Bank Tax May Be a Crowd-Pleaser, but It Isn't Fair

A recent posting What the banks owe America on the Washington Post “Post Partisan” blog caught my attention. Charles Lane makes the point that a Congressional proposal to tax banks to recoup losses from the TARP program “looks like an exercise in punitive populism.” Lane uses Treasury’s own numbers to show that the losses on TARP are not coming from banks, but from the auto companies, government mortgage relief programs, and AIG (which is an insurance company).

In fact, had TARP been limited to the banking industry, there would be no losses on that program. Treasury Secretary Geithner, in Testimony before the Senate Finance Committee on May 4, 2010 confirmed that taxpayers are benefiting from the investments made in banks: “...independent analysts’ look at the total return for the taxpayer in those [bank-TARP] programs would show that it is a very very high return.”

The story doesn’t end here, though. At that same hearing, I testified to the broader impacts that such a tax would have. The tax – proposed to be $90 to $117 billion over 10 years – directly reduces funding that would have otherwise been available for loans. Even worse, since $1 of bank capital can support up to $10 in lending, the simple translation is that it could mean up to $1 trillion in loans not made over the 10-year period of the tax.

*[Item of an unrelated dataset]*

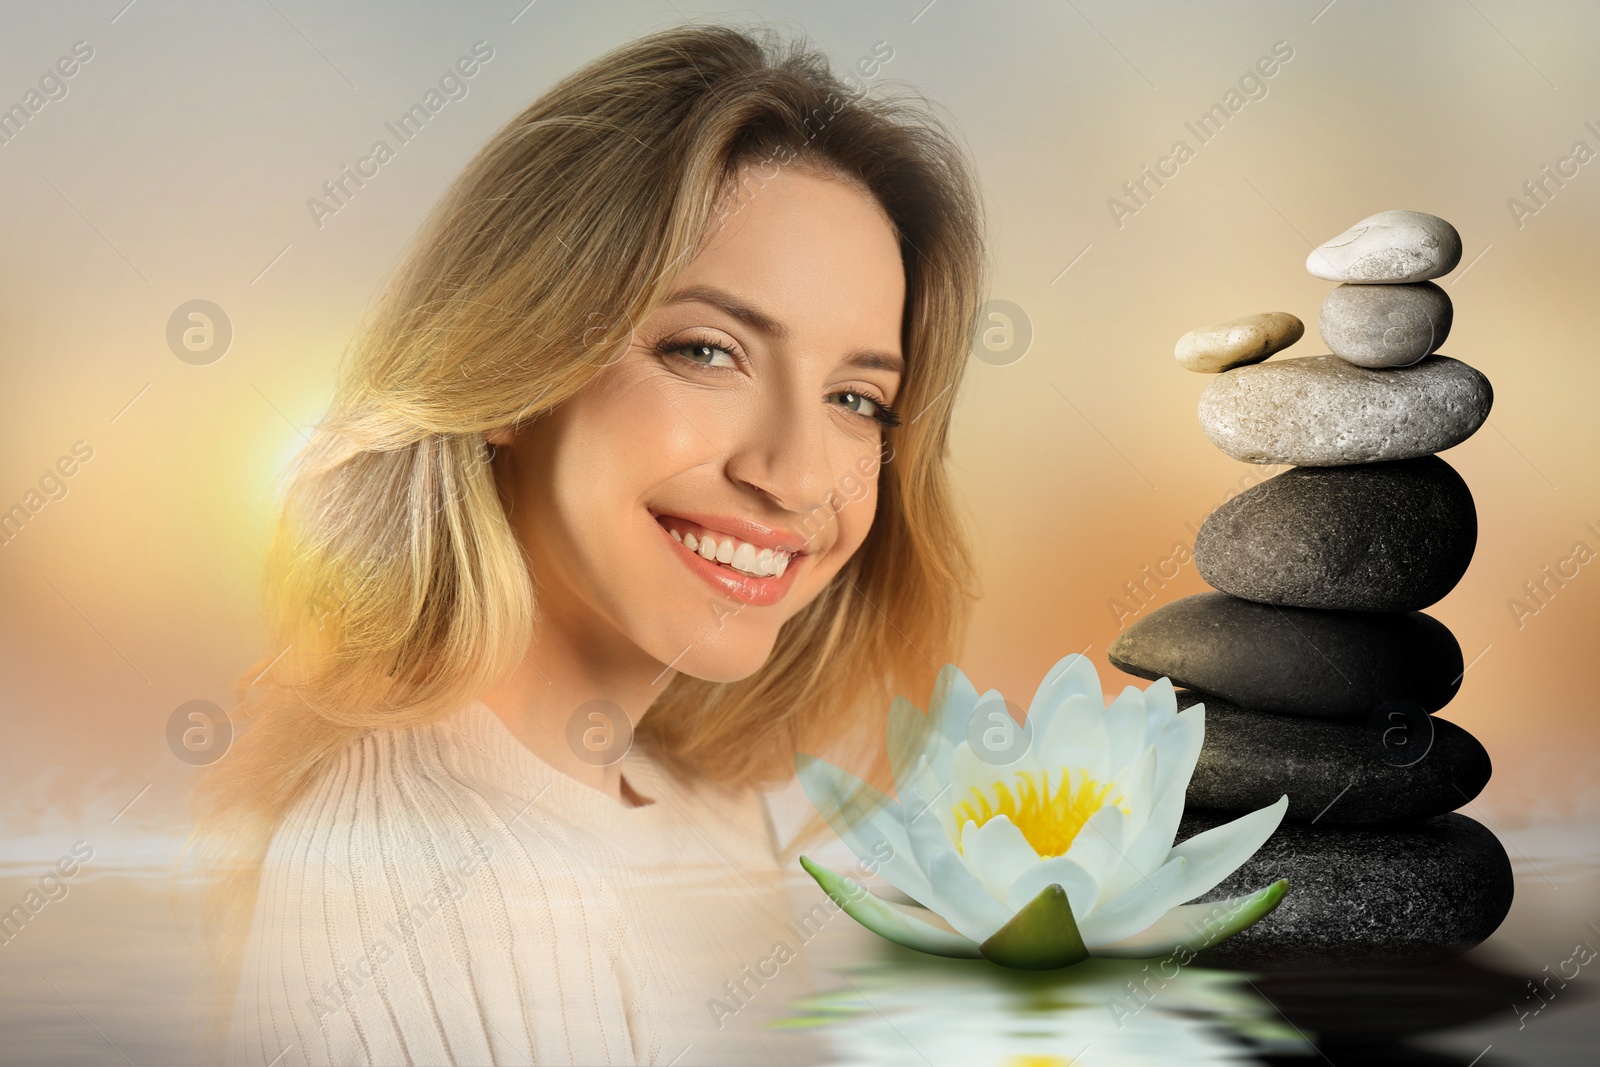 Image of Harmony, balance, mindfulness. Beautiful woman, lotus flower and stack of stones at sunset, double exposure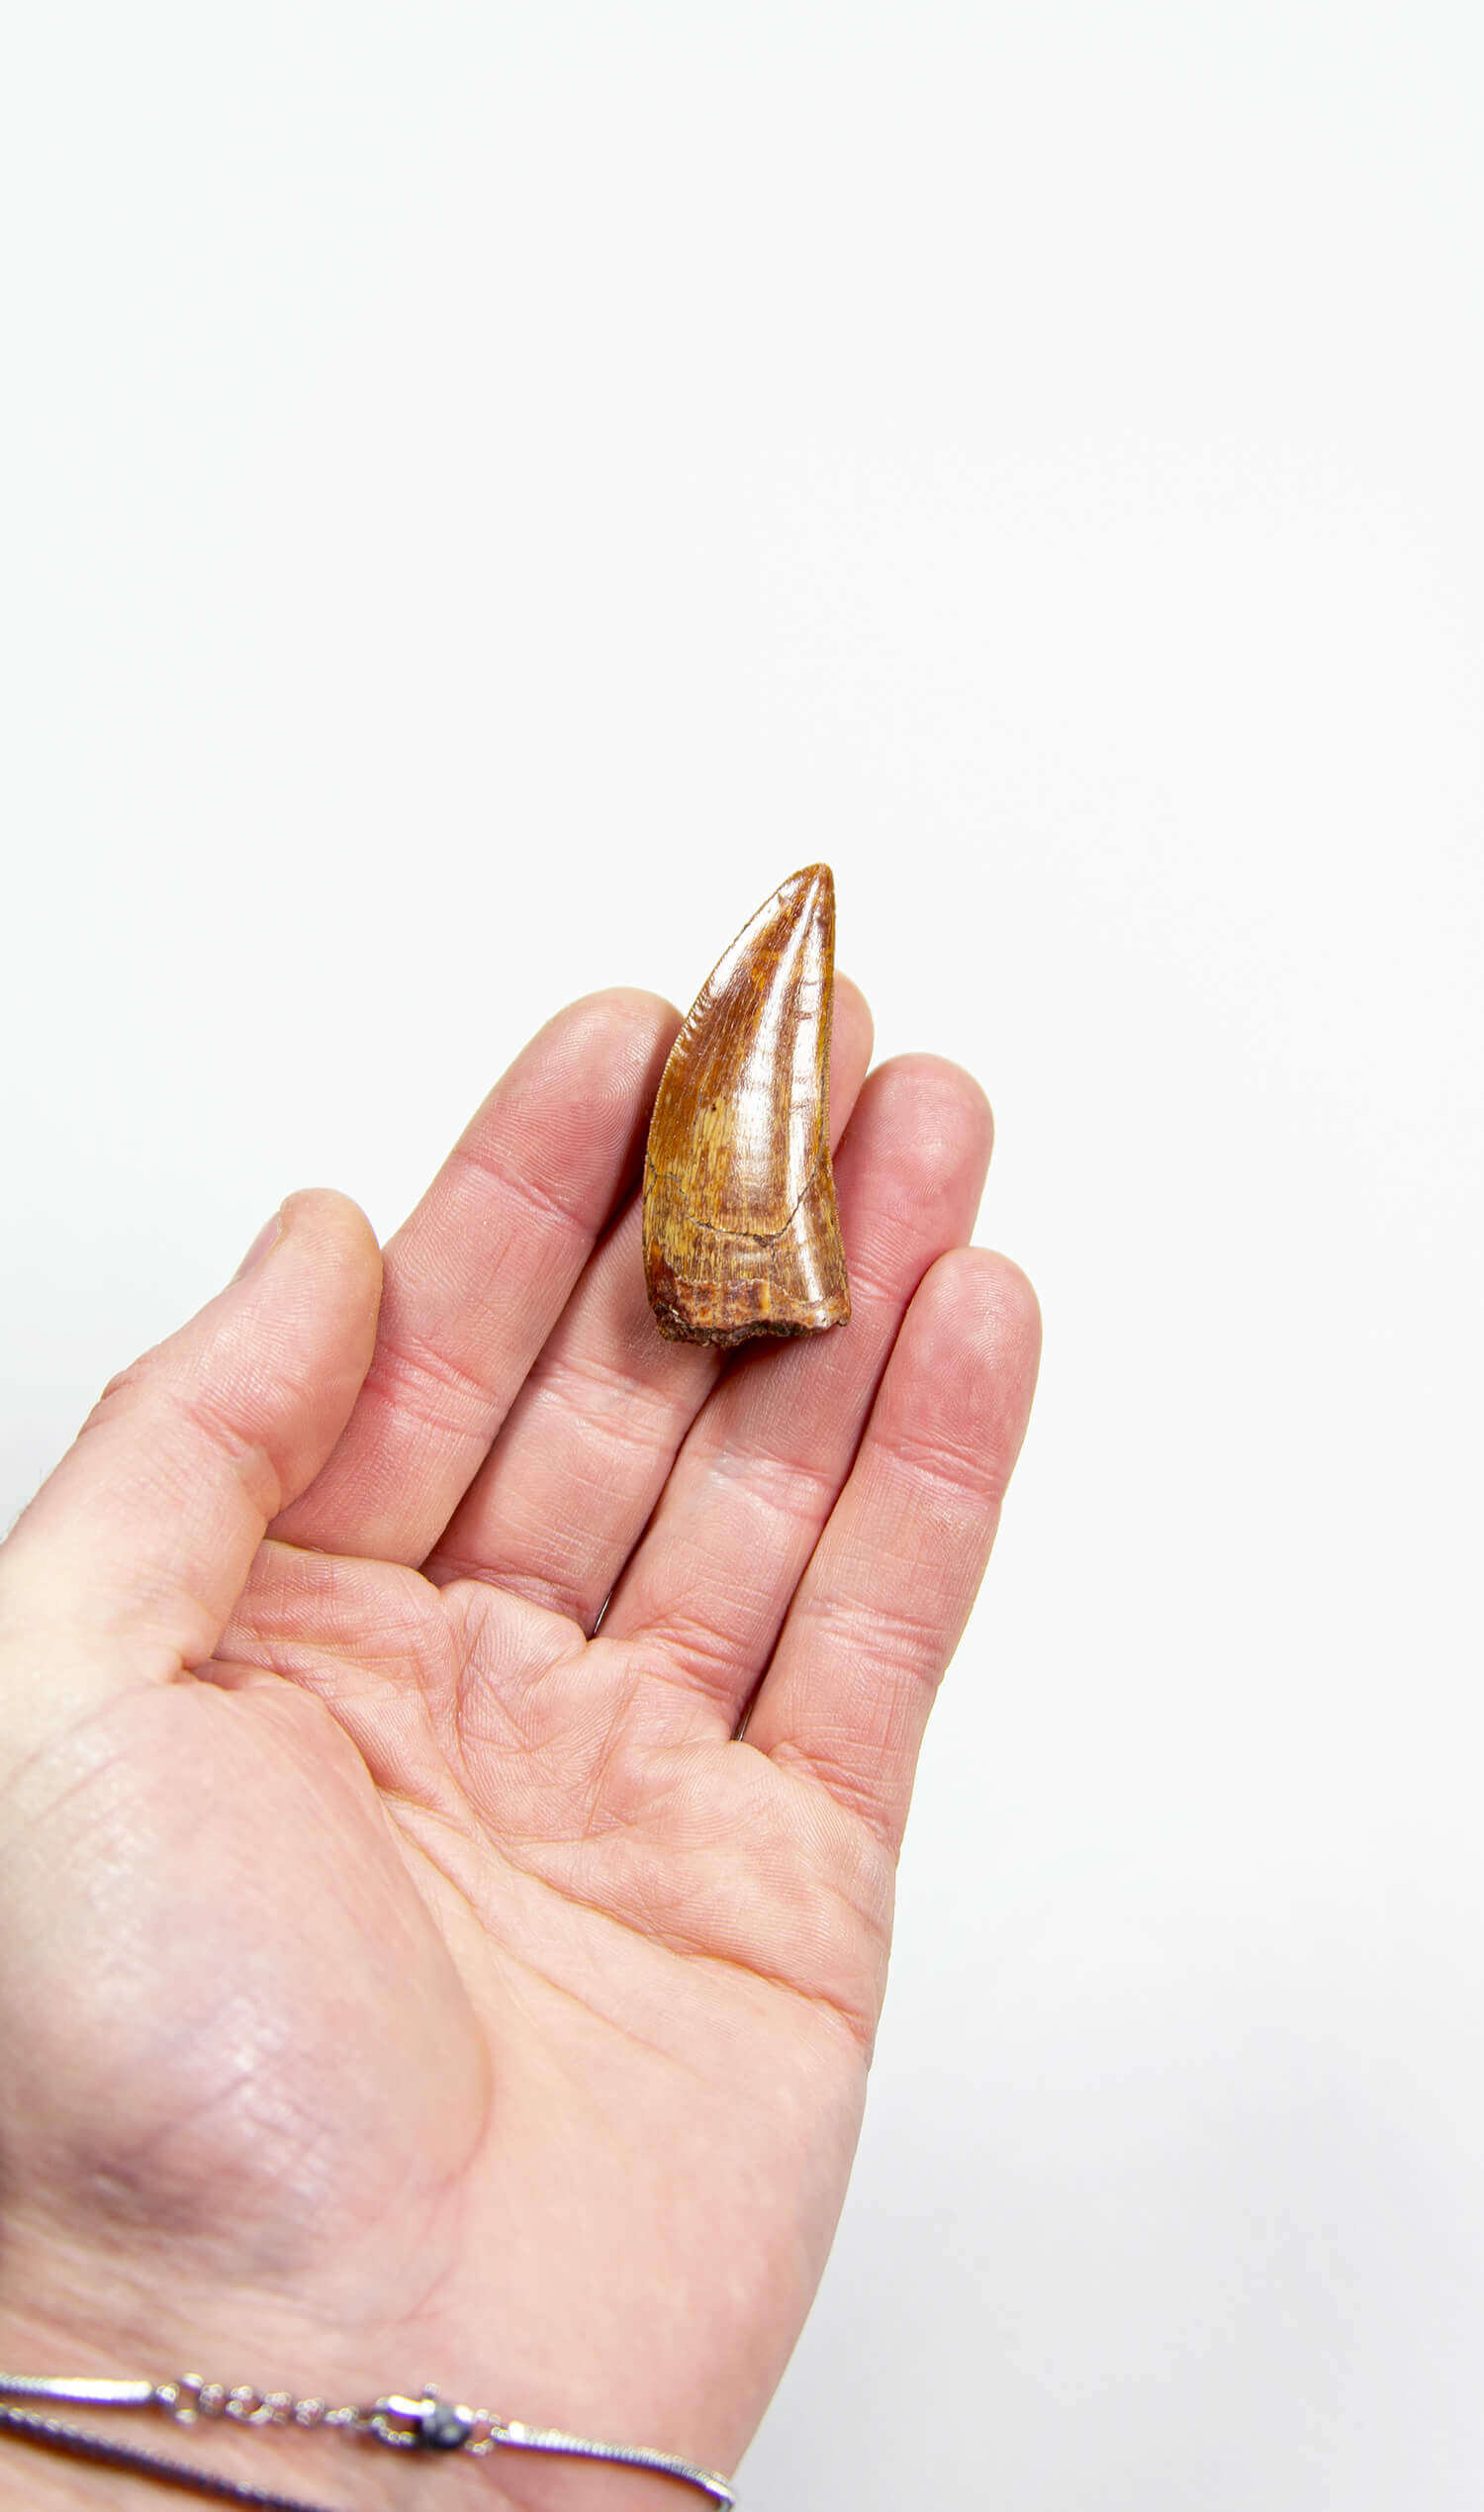 real fossil dinosaur carcharodontosaurus tooth for sale at the uk fossil store 64

Certainly, it is hard to know precisely what level of lending is ultimately not made, but the connection is direct and the impact is real. Even if it is only half of this amount, the potential impact is very large and has consequences for jobs in this economy. For example, the Congressional Budget Office estimated that the $787 billion stimulus in the American Recovery and Reinvestment Act “increased the number of full-time-equivalent jobs by 1.8 million to 4.1 million compared with what those amounts would have been otherwise.” Using that same relationship, the loss of $500 billion in loans would translate into between 1.1 million and 2.6 million in lost jobs over the 10-year period.

It’s important to consider all the impacts of these proposals to tax banks. Lane summed it up: “While it may be a crowd-pleaser, this particular proposal has never struck me as entirely fair.”